Yet, even with CD persistence, type IV–V SC does not show an increased number of cell layers (see above). As cysteine and aspartate proteases, two protease families with acidic, rather than neutral, pH optima, also regulate desquamation (Horikoshi et al., 1999; Caubet et al., 2004), we next assessed whether increased activity of these proteases could account for the maintenance of normal SC thickness in type IV/V subjects. Subjects with skin types IV–V displayed increased cathepsin D activity in the outer SC, whereas little cathepsin D activity could be detected in type I–II SC (Figure 6b). The specificity of these zymographic results was further shown by the blockade of activity by the broad aspartate protease inhibitor, pepstatin (not shown).

Acidification of SC optimizes epidermal functions in type I–II subjects

To further test whether the diminished function of type I–II skin results from a higher SC pH, we next examined whether downward adjustment of SC pH to levels comparable with type IV–V subjects would improve function in type I–II subjects. We applied two polyhydroxyl acids (that is, lactobionic acid (LBA) or gluconolactone (GL)) to lower pH to levels comparable with type IV–V skin (Figure 7a–c).

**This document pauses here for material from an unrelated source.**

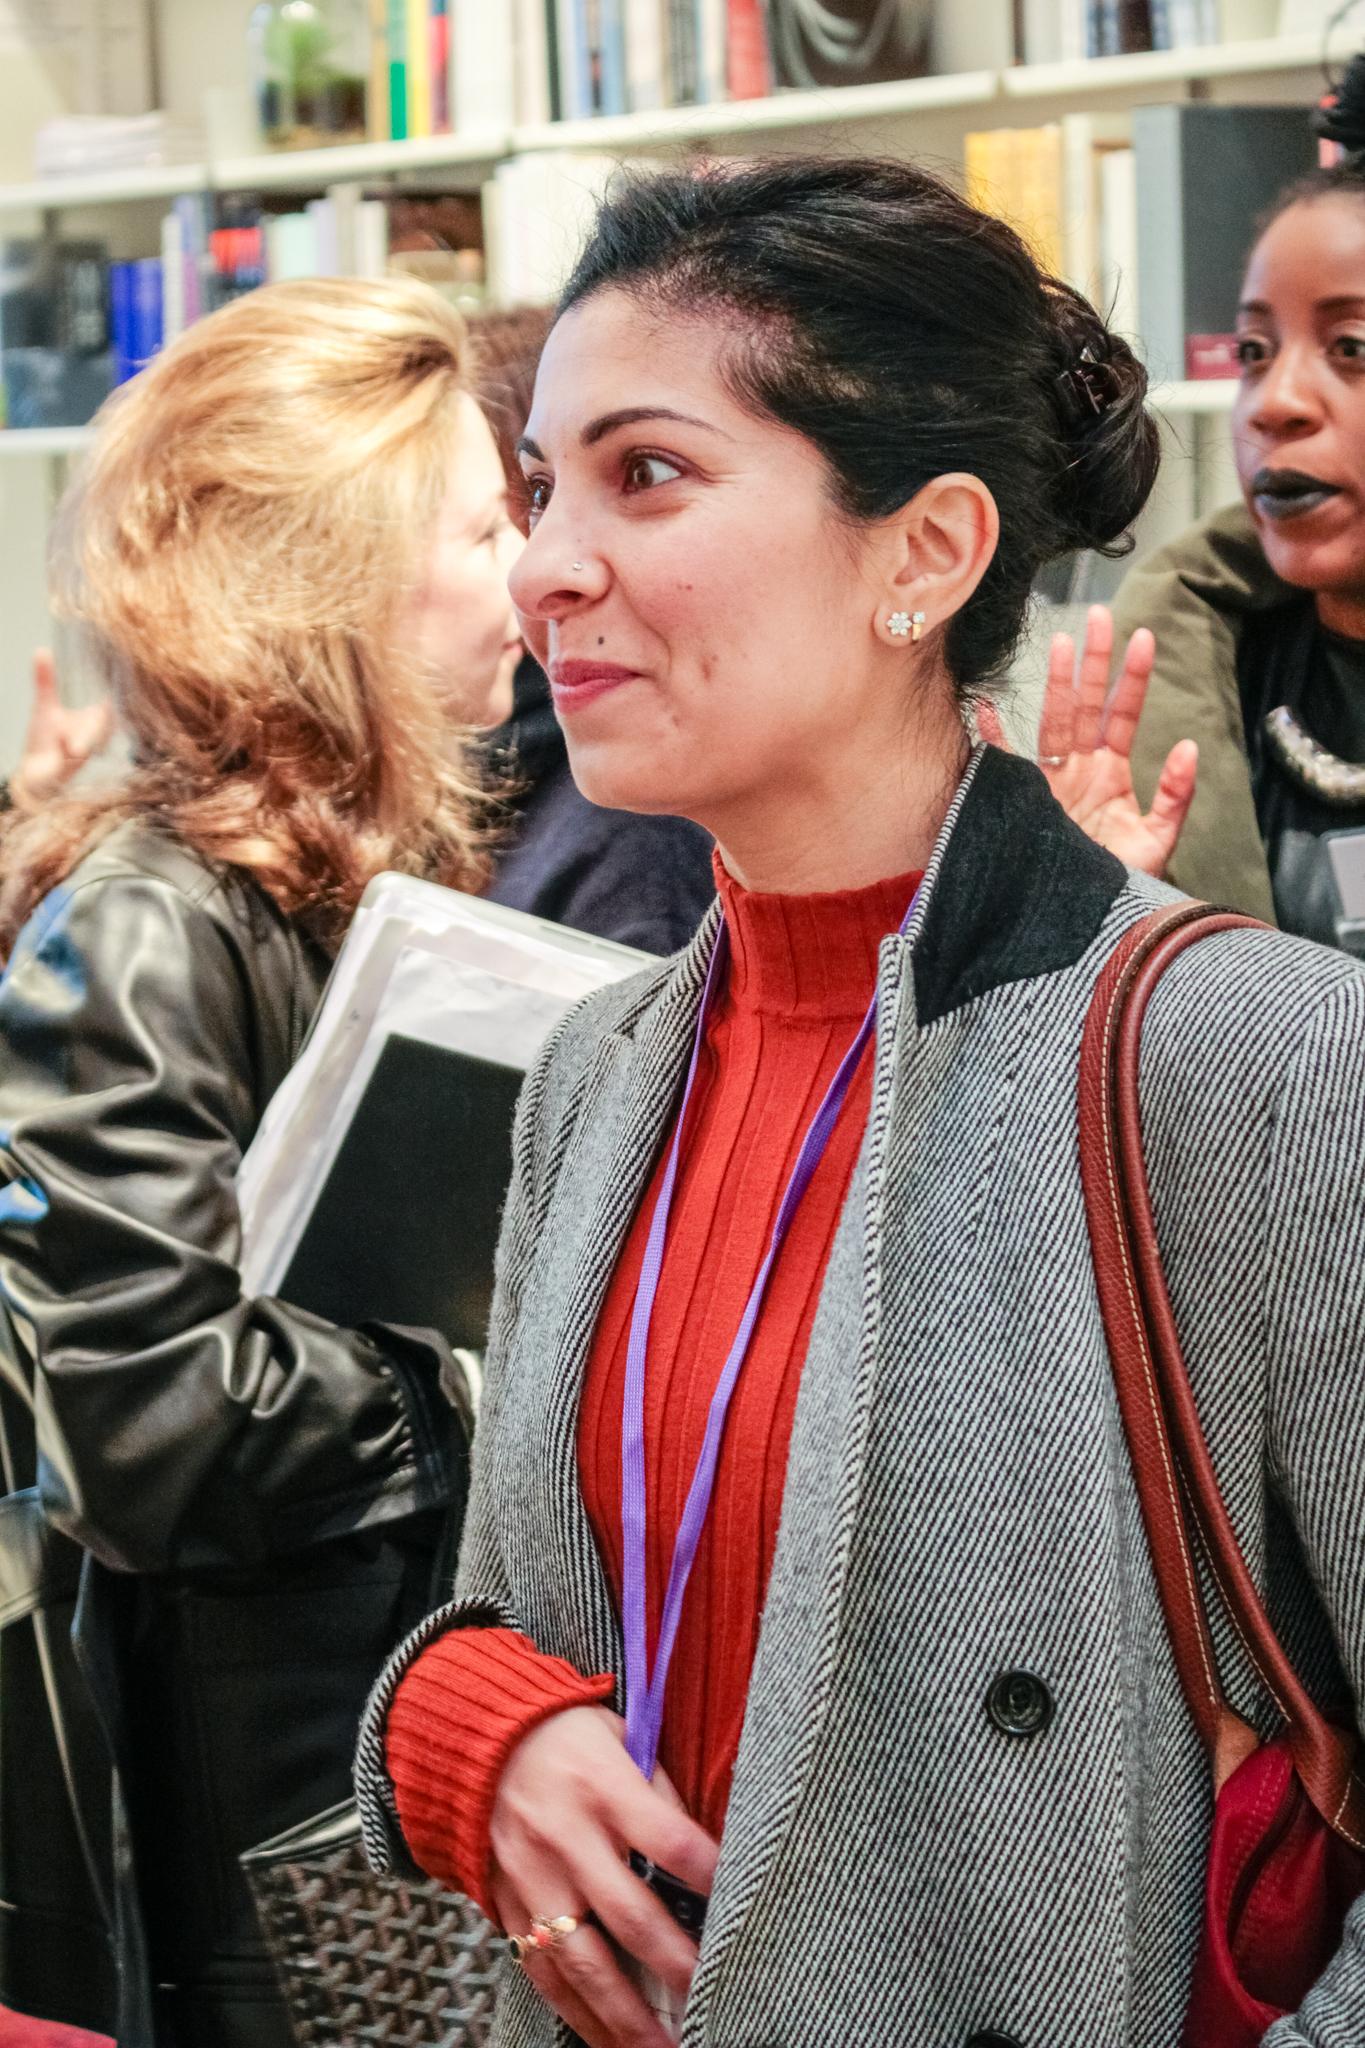 Sheetal Varma

Figure 7. Single applications of either polyhydroxyl acids decrease SC pH and accelerate barrier recovery in lightly pigmented subjects.

Figure 7

(a–c) Lactobionic acid (LBA, 5% in propylene glycol/ethanol: 70/30), gluconolactone (GL), neutralized LBA, neutralized GL, or vehicle (V) was applied on the forearm skin of human volunteers (n = 16). Although basal values were identical on all test sites before application (not shown), significant decreases in surface pH were observed at 1, 6, and 24 hours following single application of either LBA or GL acids compared with the vehicle. (d) TEWL was measured before and at 0, 3, 24, and 48 hours following acute barrier disruption by repeated cellophane tape stripping on the forearms of type I–II subjects. Acidification of SC pH by PHA (LBA or GL, n = 16) significantly improved barrier recovery in comparison with vehicle (neutralized LBA/neutralized GL)-treated skin sites.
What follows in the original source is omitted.